**Problem to solve**
For the listing below, print exactly the lines from the line with "Perez Art Museum Miami: Stellar Architecture" to the line with "Kalila Stormfire-Compressed.jpg", both included, and nothing beyond them.

----

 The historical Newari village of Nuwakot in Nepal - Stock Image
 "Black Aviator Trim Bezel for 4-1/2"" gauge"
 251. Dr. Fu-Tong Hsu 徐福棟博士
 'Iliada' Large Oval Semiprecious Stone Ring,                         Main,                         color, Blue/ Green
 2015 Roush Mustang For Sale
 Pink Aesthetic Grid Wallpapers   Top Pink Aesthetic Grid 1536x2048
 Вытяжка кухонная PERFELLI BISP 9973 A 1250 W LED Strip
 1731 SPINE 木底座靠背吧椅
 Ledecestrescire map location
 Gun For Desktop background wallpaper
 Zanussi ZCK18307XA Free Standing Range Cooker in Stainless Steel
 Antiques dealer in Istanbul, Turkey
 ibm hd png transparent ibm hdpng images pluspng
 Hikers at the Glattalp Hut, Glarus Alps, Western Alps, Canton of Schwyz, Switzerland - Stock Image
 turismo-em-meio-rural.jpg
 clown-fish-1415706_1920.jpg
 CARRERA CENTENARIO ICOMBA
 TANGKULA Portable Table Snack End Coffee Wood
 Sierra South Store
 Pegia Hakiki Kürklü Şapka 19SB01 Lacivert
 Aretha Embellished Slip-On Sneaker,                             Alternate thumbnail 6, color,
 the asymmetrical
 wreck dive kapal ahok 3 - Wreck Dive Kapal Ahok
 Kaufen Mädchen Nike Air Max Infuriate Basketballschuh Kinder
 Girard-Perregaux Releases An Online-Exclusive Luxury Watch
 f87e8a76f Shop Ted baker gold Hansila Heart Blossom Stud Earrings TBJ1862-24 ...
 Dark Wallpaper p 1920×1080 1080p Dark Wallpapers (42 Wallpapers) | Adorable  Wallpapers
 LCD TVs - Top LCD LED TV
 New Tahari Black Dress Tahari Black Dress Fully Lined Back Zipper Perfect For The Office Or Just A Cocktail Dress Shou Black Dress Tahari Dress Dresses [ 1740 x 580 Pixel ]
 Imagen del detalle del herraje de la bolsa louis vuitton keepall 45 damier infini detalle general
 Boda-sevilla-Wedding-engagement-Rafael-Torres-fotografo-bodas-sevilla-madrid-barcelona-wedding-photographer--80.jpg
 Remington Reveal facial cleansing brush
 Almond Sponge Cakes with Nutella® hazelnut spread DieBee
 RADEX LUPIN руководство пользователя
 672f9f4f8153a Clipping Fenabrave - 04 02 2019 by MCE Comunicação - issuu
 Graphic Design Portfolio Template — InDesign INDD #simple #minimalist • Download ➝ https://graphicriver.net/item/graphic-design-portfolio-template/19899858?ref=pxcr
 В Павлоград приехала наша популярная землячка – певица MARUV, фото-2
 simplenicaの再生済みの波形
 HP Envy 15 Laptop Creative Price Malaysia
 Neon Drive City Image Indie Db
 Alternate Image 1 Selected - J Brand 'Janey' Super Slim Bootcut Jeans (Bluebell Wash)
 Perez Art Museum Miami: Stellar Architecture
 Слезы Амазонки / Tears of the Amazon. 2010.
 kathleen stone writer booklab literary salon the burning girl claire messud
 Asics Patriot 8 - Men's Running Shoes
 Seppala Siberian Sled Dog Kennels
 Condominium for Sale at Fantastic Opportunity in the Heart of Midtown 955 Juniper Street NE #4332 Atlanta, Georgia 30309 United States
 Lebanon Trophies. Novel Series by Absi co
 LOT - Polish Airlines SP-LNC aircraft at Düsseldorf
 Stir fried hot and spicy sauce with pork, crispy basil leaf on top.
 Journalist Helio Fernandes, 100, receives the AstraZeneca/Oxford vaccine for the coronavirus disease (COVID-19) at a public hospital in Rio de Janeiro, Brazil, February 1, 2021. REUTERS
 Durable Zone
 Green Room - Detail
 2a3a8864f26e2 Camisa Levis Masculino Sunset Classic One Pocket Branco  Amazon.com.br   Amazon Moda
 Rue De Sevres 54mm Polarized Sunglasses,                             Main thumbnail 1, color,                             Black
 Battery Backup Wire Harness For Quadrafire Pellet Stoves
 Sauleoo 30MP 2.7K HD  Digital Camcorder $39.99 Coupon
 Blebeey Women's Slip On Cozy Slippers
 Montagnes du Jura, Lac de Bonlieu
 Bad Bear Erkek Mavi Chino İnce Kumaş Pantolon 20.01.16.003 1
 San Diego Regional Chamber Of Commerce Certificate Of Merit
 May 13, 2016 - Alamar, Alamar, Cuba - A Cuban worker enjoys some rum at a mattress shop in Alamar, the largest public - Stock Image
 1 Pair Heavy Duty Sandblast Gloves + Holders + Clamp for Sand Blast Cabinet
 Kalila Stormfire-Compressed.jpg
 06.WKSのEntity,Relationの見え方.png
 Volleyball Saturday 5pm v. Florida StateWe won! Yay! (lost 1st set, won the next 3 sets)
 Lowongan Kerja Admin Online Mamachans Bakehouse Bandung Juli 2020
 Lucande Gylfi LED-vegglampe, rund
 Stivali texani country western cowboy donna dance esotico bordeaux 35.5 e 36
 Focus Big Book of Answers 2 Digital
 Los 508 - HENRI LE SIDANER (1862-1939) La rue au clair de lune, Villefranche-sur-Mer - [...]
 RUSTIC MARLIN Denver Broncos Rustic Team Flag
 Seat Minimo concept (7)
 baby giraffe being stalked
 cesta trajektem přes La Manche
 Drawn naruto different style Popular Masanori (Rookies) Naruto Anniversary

----

**Answer box**
 Perez Art Museum Miami: Stellar Architecture
 Слезы Амазонки / Tears of the Amazon. 2010.
 kathleen stone writer booklab literary salon the burning girl claire messud
 Asics Patriot 8 - Men's Running Shoes
 Seppala Siberian Sled Dog Kennels
 Condominium for Sale at Fantastic Opportunity in the Heart of Midtown 955 Juniper Street NE #4332 Atlanta, Georgia 30309 United States
 Lebanon Trophies. Novel Series by Absi co
 LOT - Polish Airlines SP-LNC aircraft at Düsseldorf
 Stir fried hot and spicy sauce with pork, crispy basil leaf on top.
 Journalist Helio Fernandes, 100, receives the AstraZeneca/Oxford vaccine for the coronavirus disease (COVID-19) at a public hospital in Rio de Janeiro, Brazil, February 1, 2021. REUTERS
 Durable Zone
 Green Room - Detail
 2a3a8864f26e2 Camisa Levis Masculino Sunset Classic One Pocket Branco  Amazon.com.br   Amazon Moda
 Rue De Sevres 54mm Polarized Sunglasses,                             Main thumbnail 1, color,                             Black
 Battery Backup Wire Harness For Quadrafire Pellet Stoves
 Sauleoo 30MP 2.7K HD  Digital Camcorder $39.99 Coupon
 Blebeey Women's Slip On Cozy Slippers
 Montagnes du Jura, Lac de Bonlieu
 Bad Bear Erkek Mavi Chino İnce Kumaş Pantolon 20.01.16.003 1
 San Diego Regional Chamber Of Commerce Certificate Of Merit
 May 13, 2016 - Alamar, Alamar, Cuba - A Cuban worker enjoys some rum at a mattress shop in Alamar, the largest public - Stock Image
 1 Pair Heavy Duty Sandblast Gloves + Holders + Clamp for Sand Blast Cabinet
 Kalila Stormfire-Compressed.jpg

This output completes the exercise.